Key issues identified

A very current issue for the Australian PPP market is the constrained competition amongst consortia due to current restrictions on the availability of finance, including the current lack of activity within the capital markets, due to the aftermath of the Global Financial Crisis. One resulting impact is the current importance of Australia's "Big 4" banks to providing financial certainty within RFP proposals, as international debt financiers generally have demonstrated an unwillingness to participate without them, requiring the presence of at least one of the domestic "Big 4" to obtain credit committee approval. There have been some instances of short-listed bidders withdrawing from RFP processes at least partly due to their inability to obtain "Big 4" support.

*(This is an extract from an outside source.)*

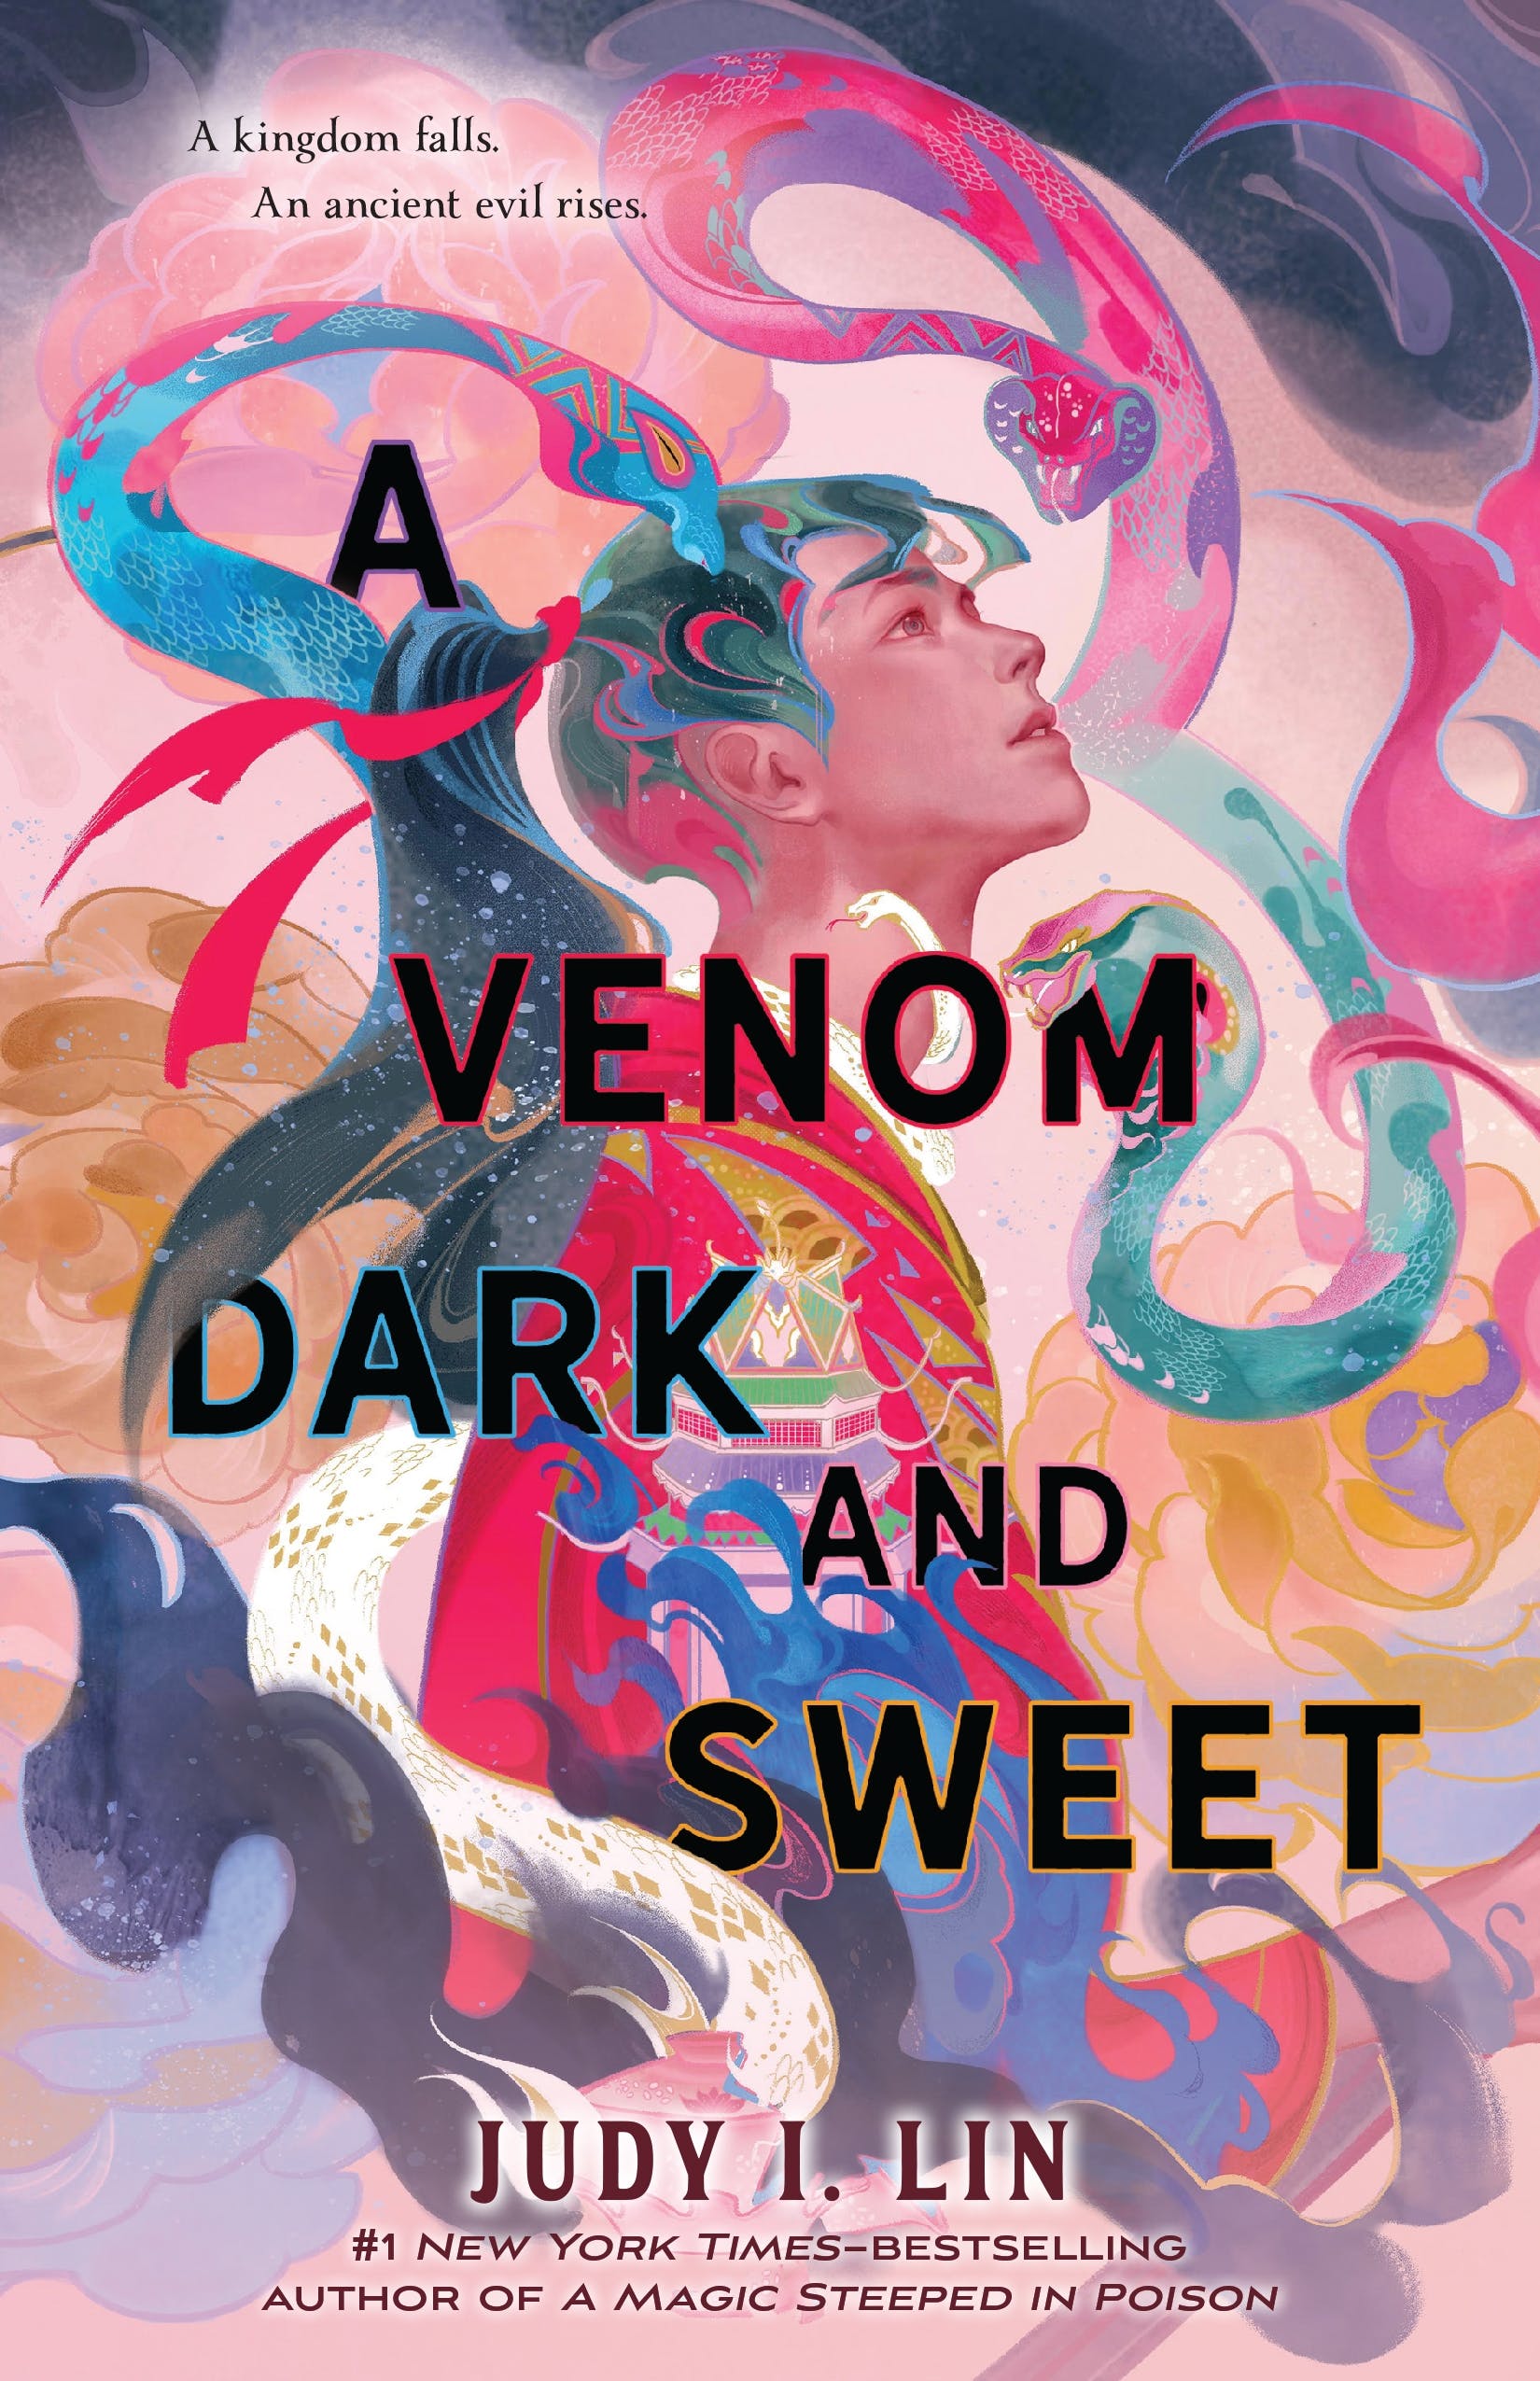 Image for "A Venom Dark and Sweet"

As a result, market participants have used the current anomaly strategically to reduce competition within the Australian PPP market. This reduced competition currently evidences itself in both:

•  the ability of sponsors to lock up two or more of the domestic "Big 4" on an exclusive basis, sometimes resulting in a strategic bidding position that reduces the practical bidding field to no more than two Participants (even where the Government has short listed three)

•  the domestic banks (having demonstrated a preference to work in pairs) effectively having the ability to create a secondary shortlist based on criteria that may not coincide with the Government's preferred selection approach, by selecting the consortia that they wish to support (in particular, where that support is based on corporate relationships).

Although this is a temporary issue that will begin to rectify itself following the return of capital markets and increased liquidity amongst international financiers, it is proving a key barrier to competition within the current Australian market place.